Effect of substitution of B-sites by Mn, Fe and Co in double perovskite-type Ba₃CaNb₂O₉ on structure and electrical properties

A novel family of metal oxides of chemical formula Ba₂Ca _(1-x-y)M_(x+z)Nb_(1-z+y)O_6-δ (M = Mn, Fe and Co) was developed as mixed ion and electronic conductors (MIECs) for application in solid oxide fuel cells (SOFCs).
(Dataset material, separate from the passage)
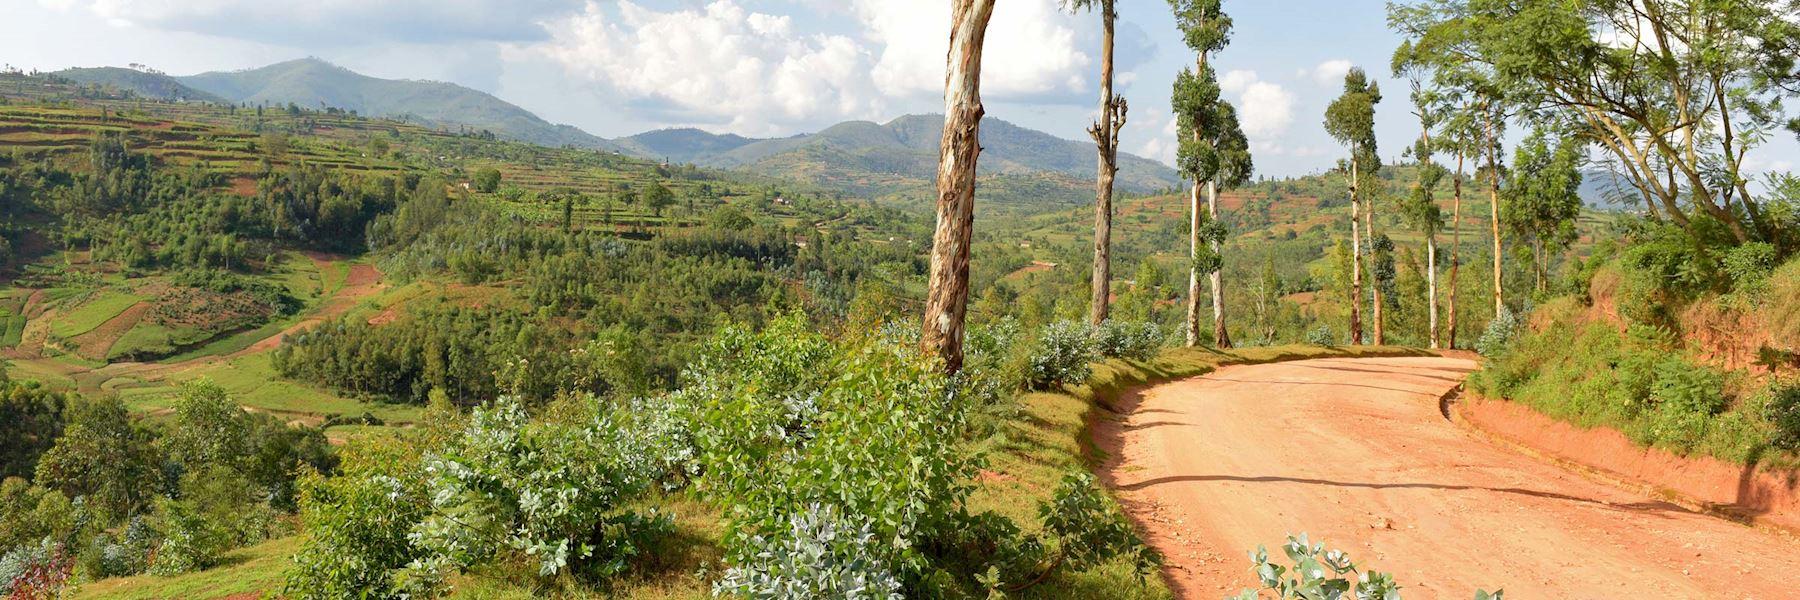 Visit Butare, Rwanda
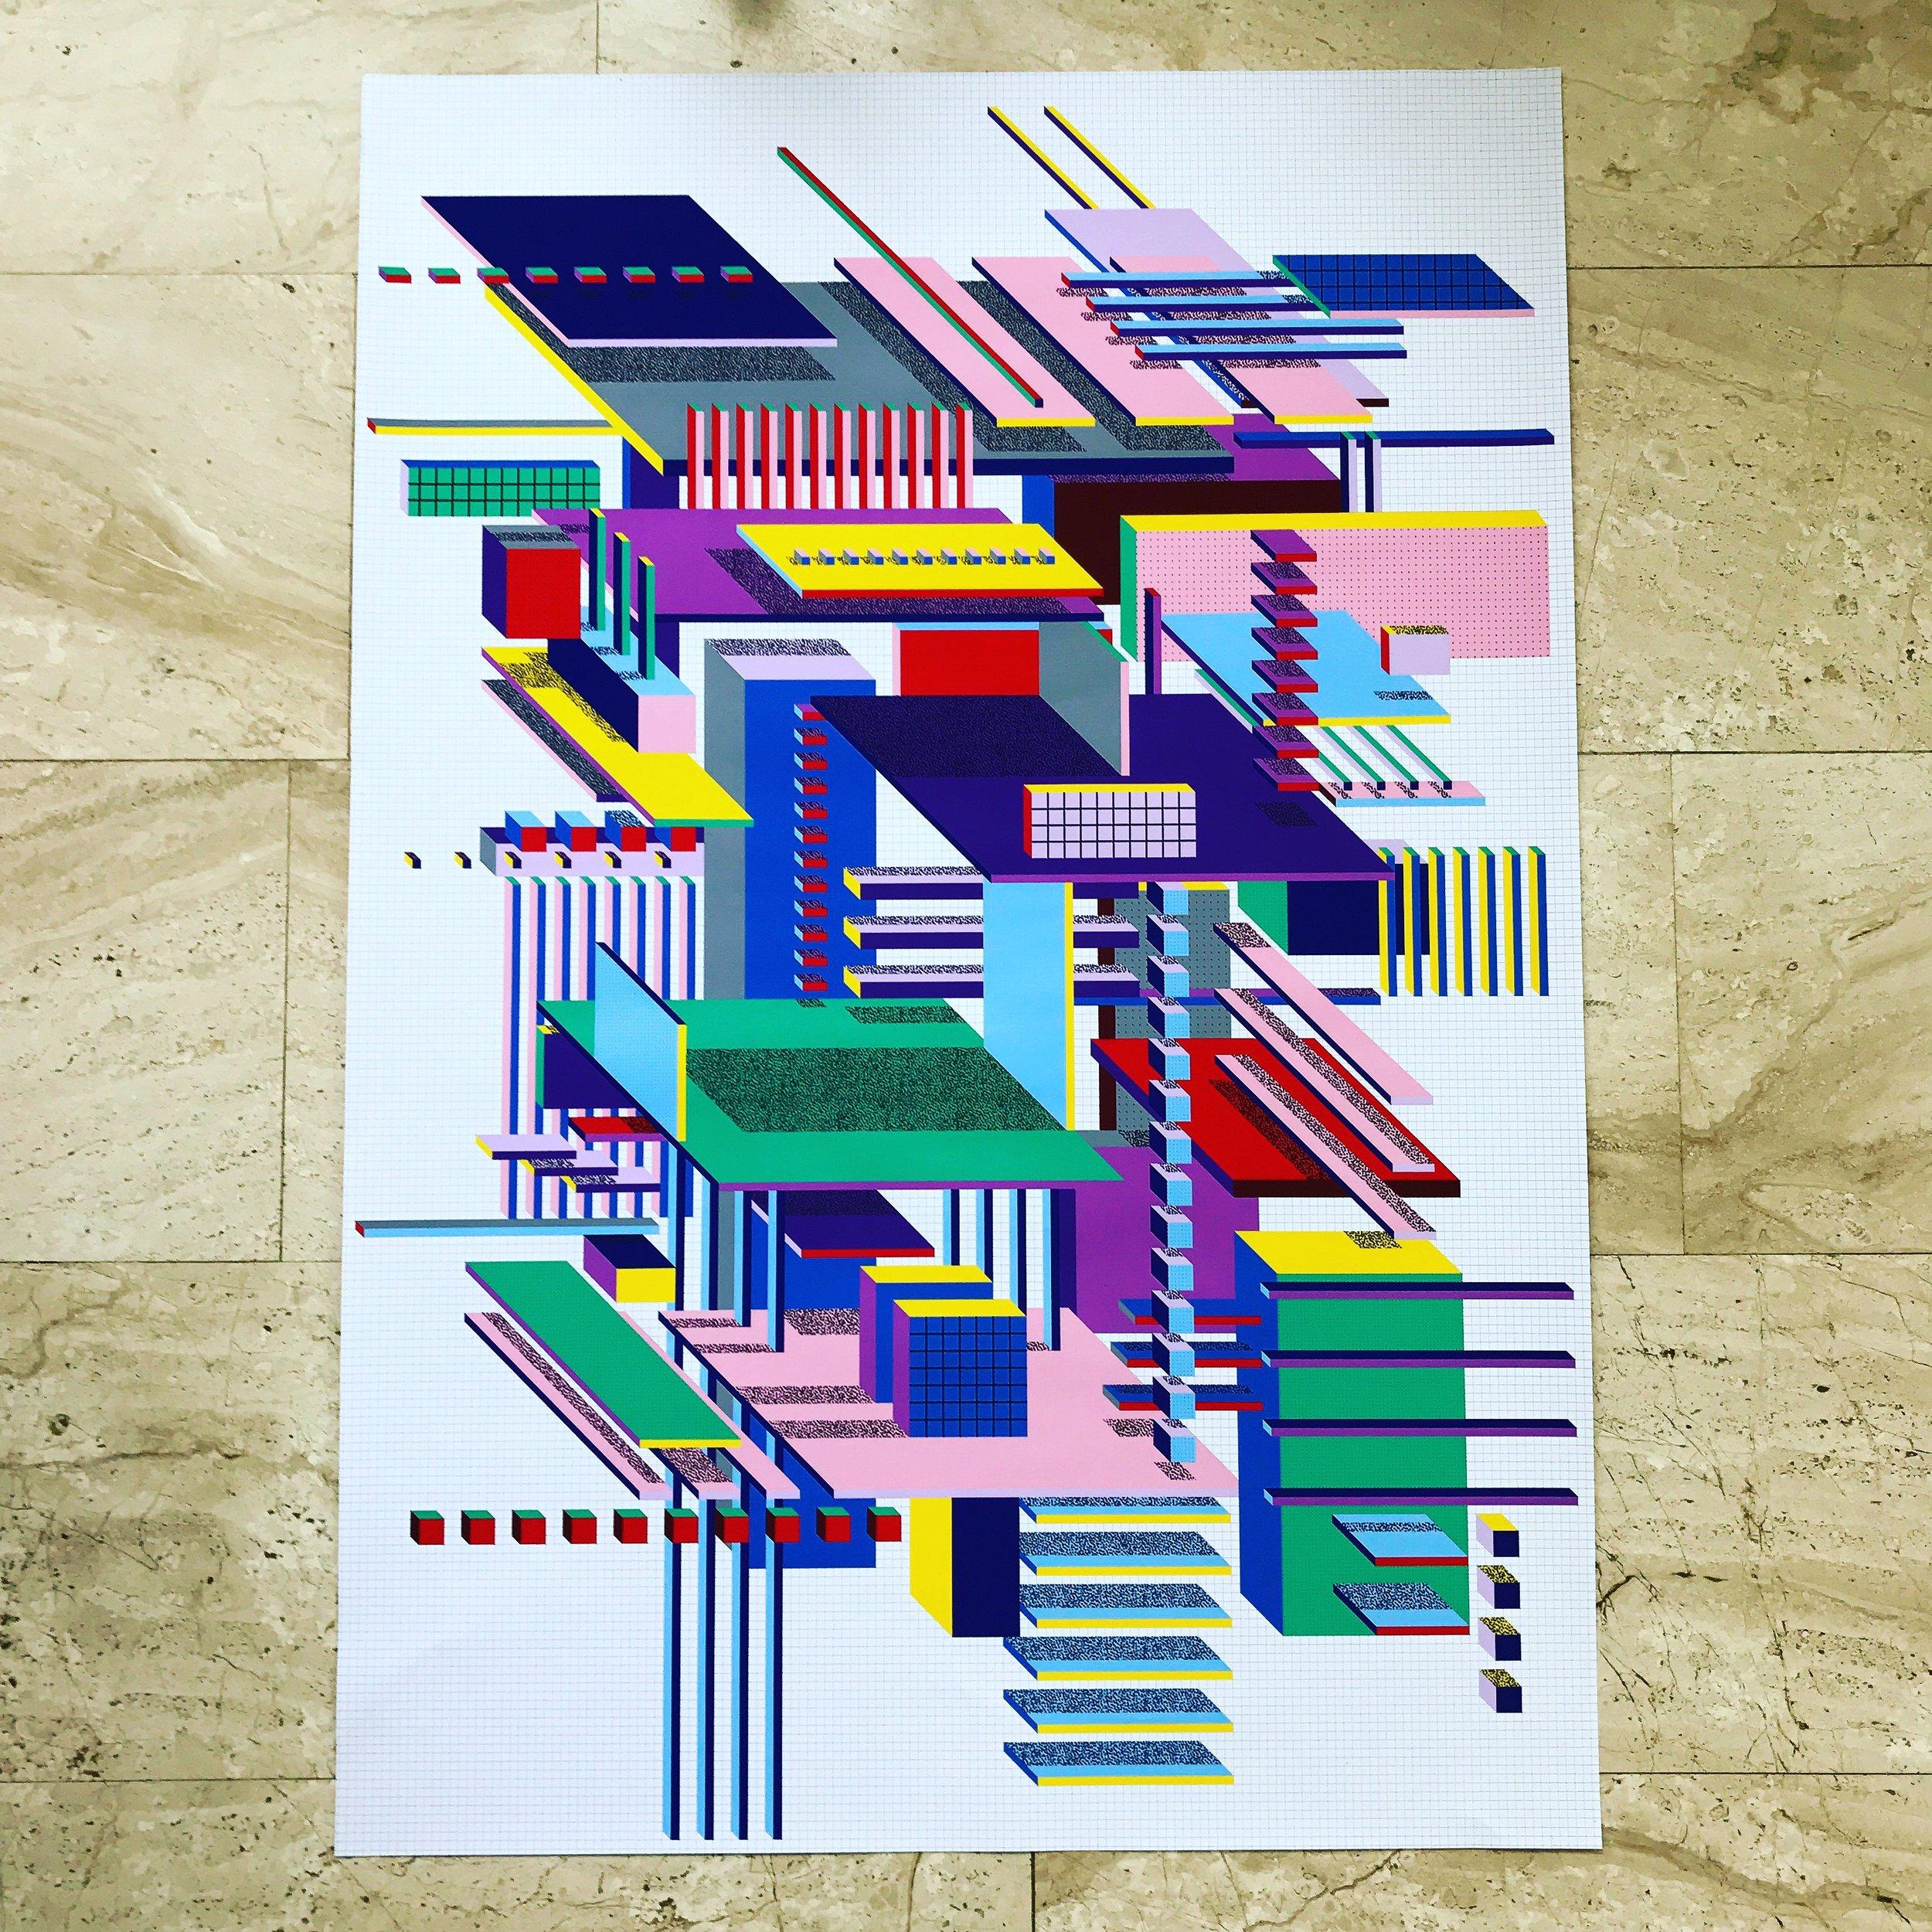 A1 size poster print

Investigated samples were synthesized by a ceramic method at 1400 °C in air and characterized using powder X-ray diffraction (PXRD), selected area electron diffraction (SAED), thermo-gravimetric analysis (TGA), scanning electron microscopy (SEM), energy dispersive X-ray spectroscopy (EDX), dilatometry, chemical titration and electrochemical ac impedance spectroscopy (EIS). The Rietveld analysis of PXRD and SAED support the formation of ordered double perovskite-type structure with space group Fm3m and chemical stability in 5000 ppm H₂S/H₂ at 600 °C. Iodometric titration shows the valences of Mn and Co were 2+ and 3+, while Fe shows 3+ and 4+ states. SEM reveals that the porosity of the samples is highly affected by dopants. The thermal expansion coefficients (TEC) of the as-prepared samples are very comparable to the oxide conducting Y-doped ZrO₂. Ba₂Ca_0.79Co_0.5Nb _0.71O_6-δ exhibits the total conductivity of 3.7 × 10^-2 S cm^-1 at 816 °C in air. The trend in the conductivity of Ba₂Ca_(1-x-y)M_(x+z)Nb _(1-z+y)O_6-δ could be correlated to the reduction of the dopants and the subsequent loss of oxide ions at elevated temperatures.